Estira los brazos y los animales que tiene adentro trotan y salen por las manos, por los
pies, corcovean sin hacer ruido. El bosque se despliega árbol por árbol. Es noche de cuarto
lleno.
El chiquilín se zambulle en el río de la cama. Navega como una hoja. Algún pez salta ágil
desde su pelo. También las ranas. Por ahí cerca, muy cerca, tic tac, se oye al cocodrilo que
vio en la televisión del puerto y que quería comerse al capitán Garfio. Por suerte en el
agua se balancea un zapato.
El chiquilín se embarca y navega en el zapato. Por suerte hay un buen par de remos. De
pronto pega un respingo porque desde la orilla de este lado de la cama lo llama la señorita
Sonia, la de primero, esa que usaba minifalda debajo del guardapolvo, olía a chicle y hacía
que él se muriera de ahogo cuando le revolvía el pelo con un solo dedo.
Un suspiro hondo, hondo, y el chiquilín suelta un lobo. Debe ser uno de esos lobos de la
canción del abuelo. Esos lobos que aúllan de hambre en Moscú, que está cubierto de
nieve. No cantes, hermano, no cantes, tararea el abuelo, afuera, arreglando anzuelos.
Es mejor mandar al lobo por otro camino para que no ataque a la señorita Sonia, tan
hermosa, con su color praliné.
De pronto, en medio de los tréboles, aparece un canasto reventando de manzanas
perfumadas, gordas, como espejos rojizos. Son las manzanas de la madrastra de
Blancanieves. Una está envenenada, vaya a saber cuál.
La señorita Sonia hace un gesto de atrapar dos o tres. También está muerta de hambre.
El lobo se relame y aúlla estirando el hocico hacia la señorita Sonia. Es pura boca, puro
estómago. La señorita Sonia inclina el cuerpo y estira las manos hacia el canasto de
manzanas. Está lista para el mordiscón con gusto a fruta a orillas del río. El cocodrilo, tic
tac, tic tac, merodeando a todos.
No avanzan los unos sobre los otros sólo porque el chiquilín está despierto.
Sabe bien que no podrá dormir hasta que logre llevar a cada cual al otro lado del río,
donde hay una canción a la que le falta un lobo, un cuento al que le falta un canasto de
manzanas con una manzana envenenada y una escuela que no tiene a su señorita Sonia.
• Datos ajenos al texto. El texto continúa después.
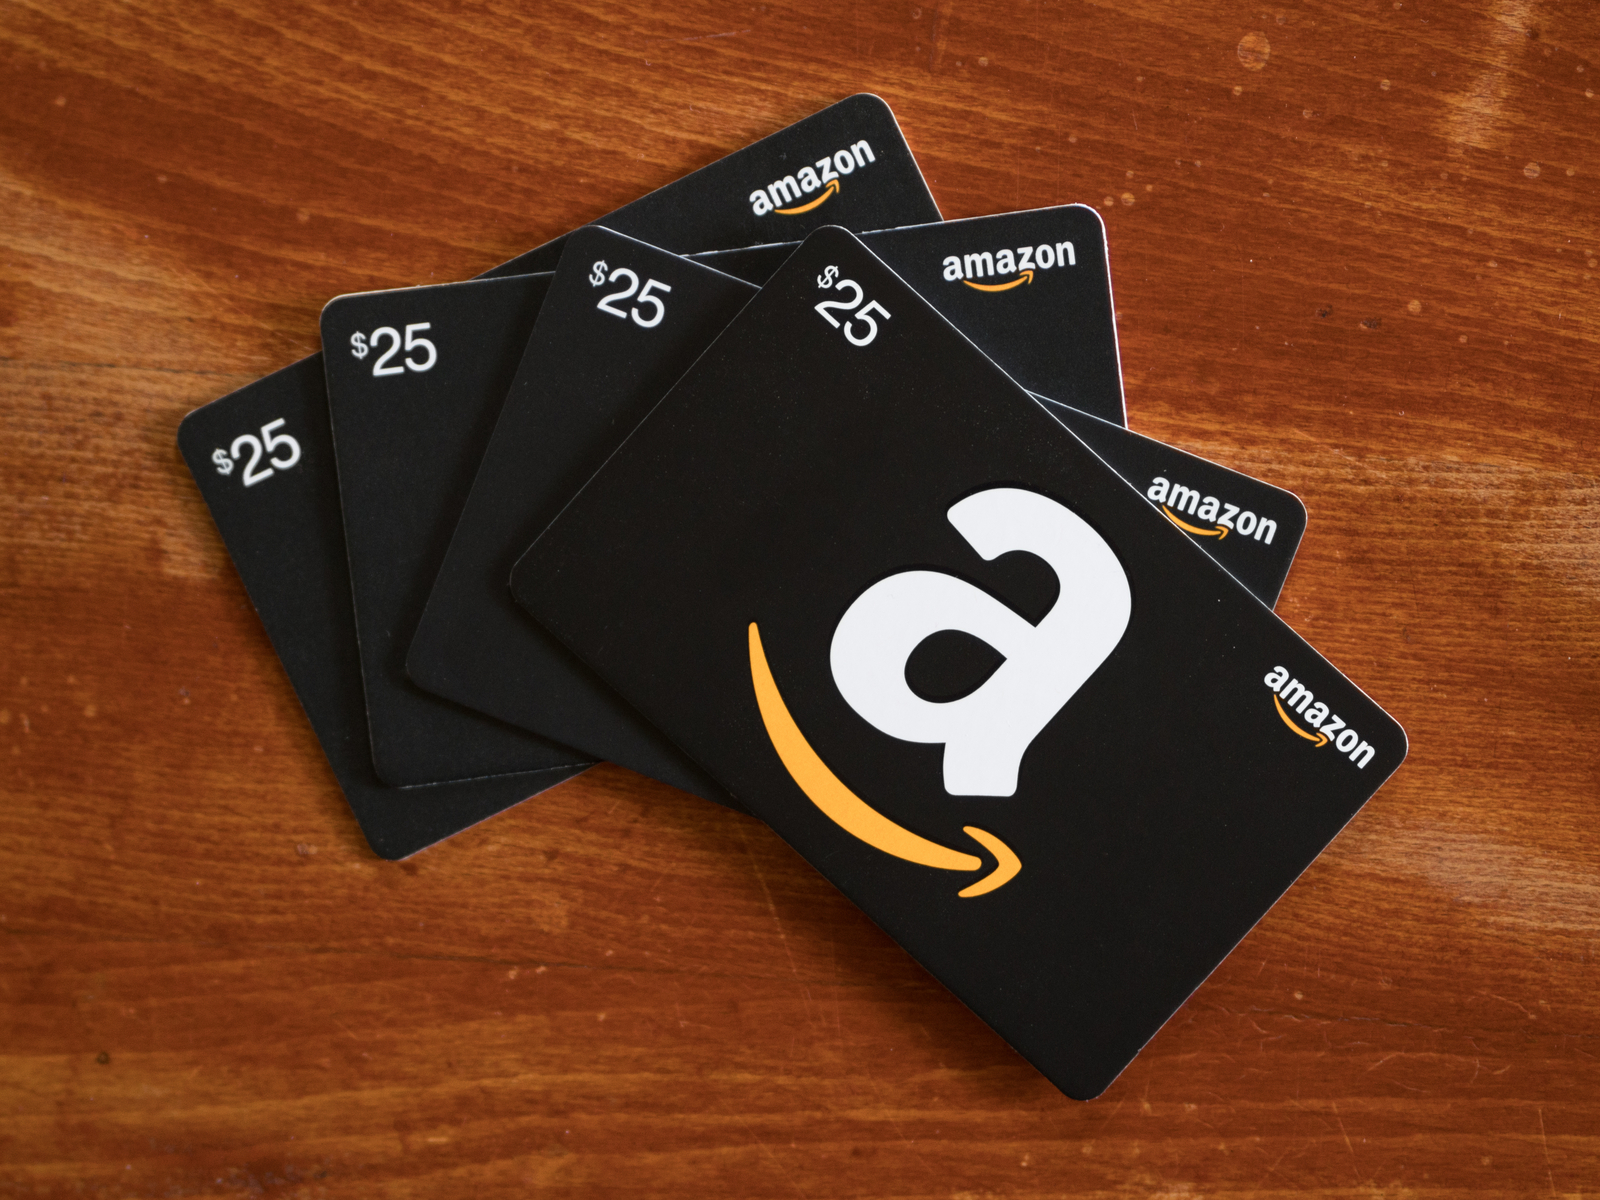 Btc for amazon gift card is coinbase regulated

El chiquilín no va a permitir que el lobo se coma a la señorita. Y aunque él quisiera
convidarle a ella algunas manzanas, no lo haría porque hay una manzana envenenada.
El cocodrilo es otra cosa. Ése siempre está metido en el río de su cama y a veces se hace el
inocente. Él ya sabe que no es bueno descuidarse.
El chiquilín los cruzará en zapato, para eso es el barquero. Pero durante las noches de
cuarto lleno nunca faltan problemas. Tendrá que llevarlos de a uno por viaje.
Y ahí está el cocodrilo, tic tac, tic tac.
El chiquilín ni pestañea en la noche. La cabeza le funciona velozmente. Si lleva primero al
lobo, la señorita se puede hacer un buen picnic con las manzanas.
Si lleva primero las manzanas, el lobo se puede hacer el picnic con la señorita Sonia.
Mejor la lleva primero a ella y la deja del otro lado. Al lobo no le gustan las manzanas.
La señorita Sonia y el barquero navegan en el zapato. El cocodrilo los escolta, tic tac,
mordisqueando un cordón del bote, hasta que el chiquitín le pega con el remo haciendo
ruido de coco golpeado. El cocodrilo se zambulle.
El barquero deja a la señorita Sonia del otro lado del río.
Ella saluda con la mano al barquero, que regresa. Toc, se oye. Otro remazo al cocodrilo,
que se había prendido al talón del bote.
Ahora el chiquilín embarca al lobo, que lleva las orejas mustias y la cola entre las patas
porque el agua no lo convence. Toc, toc, dos remazos al cocodrilo que cada vez se vuelve
más confianzudo.
El lobo se pone como de fiesta al ir llegando. Ahora sí que la suerte le sonríe. Por fin solos.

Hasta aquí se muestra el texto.